NavList:
A Community Devoted to the Preservation and Practice of Celestial Navigation and Other Methods of Traditional Wayfinding
From: Frank Reed
Date: 2010 Feb 1, 20:30 -0800
Peter, you asked:
"just how does someone from Chicago come to be reading the 1975 letters to the editor of the SMH?"
It's all google to me.
Go here:
http://news.google.com/archivesearch
And enter "sextant" and "navigation" in the search box. You get a nice bar graph showing the frequency of articles over time. If you dig down through the list, you can find all sorts of fascinating things including that smoggy letter.

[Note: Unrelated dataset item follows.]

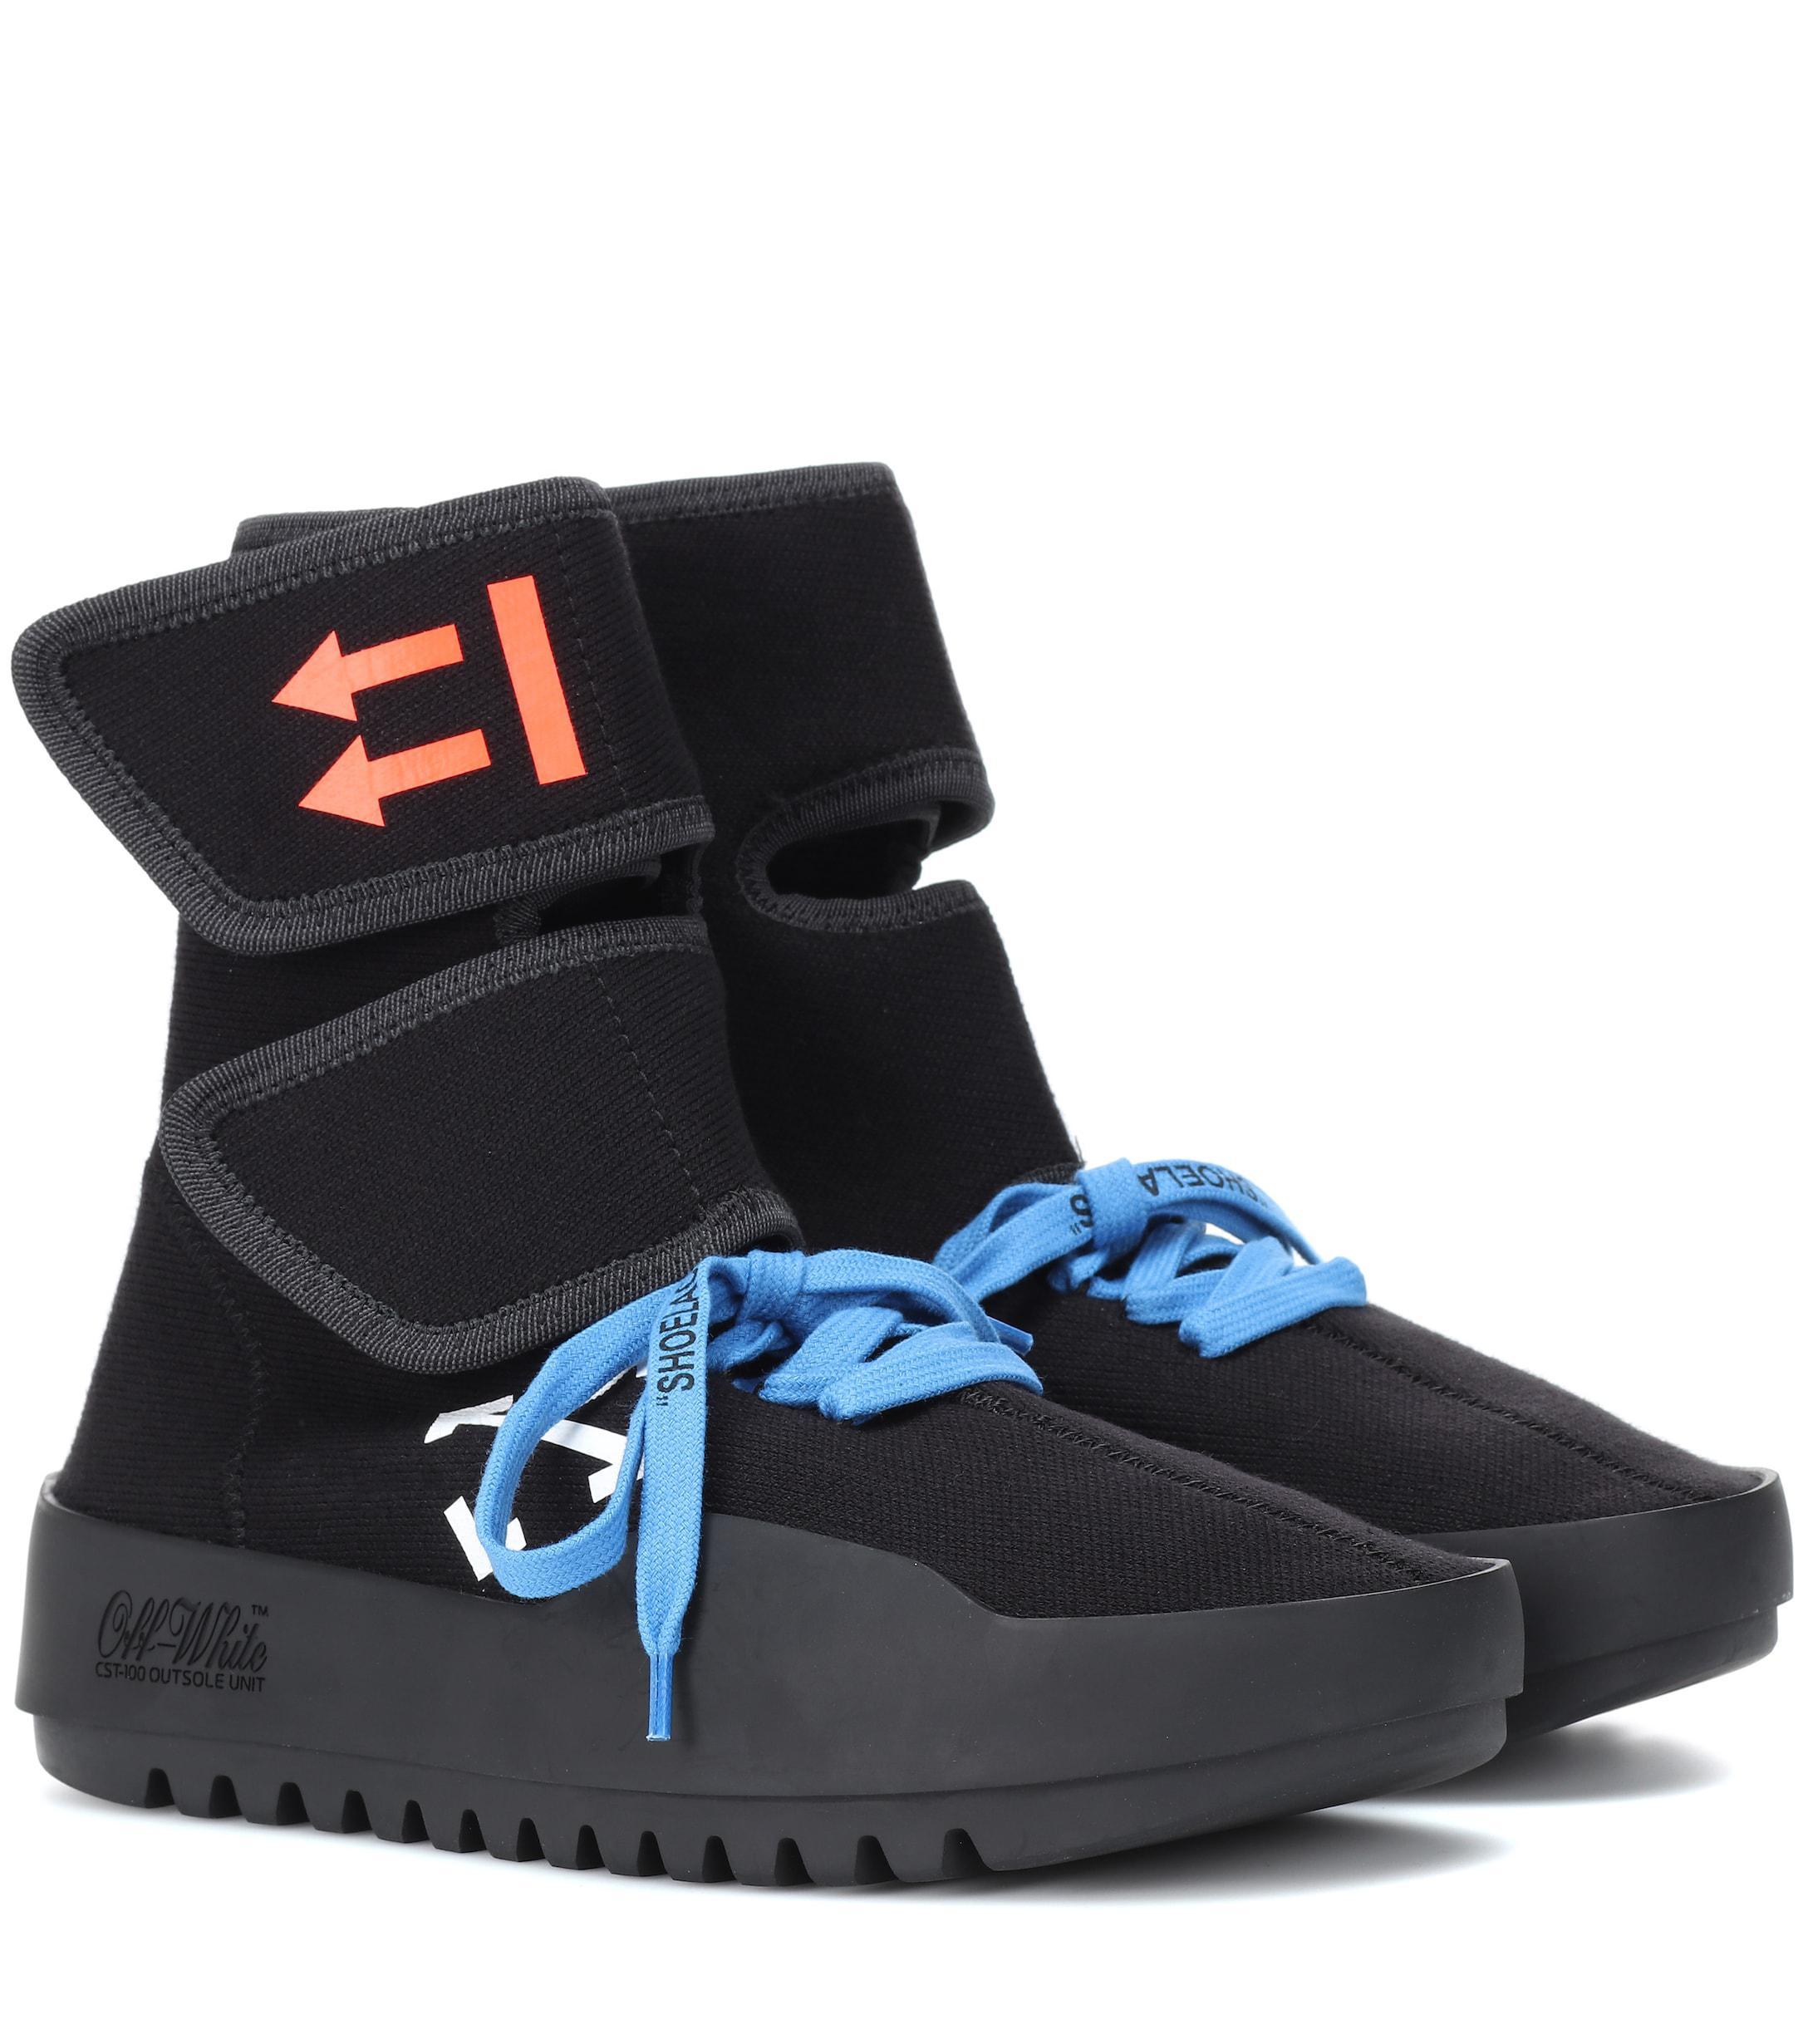 o Virgil Abloh Cst-001 Sneakers

This is the second time in two days that I quoted the SMH online. I got to news googling in the past few days because of a discussion of the strange "folk etymology" that arose for the phrase "blue moon". As I am sure you have heard, many people will happily tell you that a "blue moon" is the "second full moon in a month". This strange idea arose from a trivia game in the 1980s which itself picked it up from small newspaper trivia games in earlier decades and they in turn got it from an obscure, and mistaken, article in "Sky and Telescope" in the 1940s. Sydney gets into the game because the exact timing of the full moons and the time zone that you're in can shift a full moon from the end of one month to the beginning of another. So while there were two full moons in December in North America (with scattered news articles telling everyone, "hey, it's a blue moon!"), this was delayed until yesterday in Australia and, sure enough, there was a brief article in the SMH saying, "hey, it's a blue moon!" just yesterday.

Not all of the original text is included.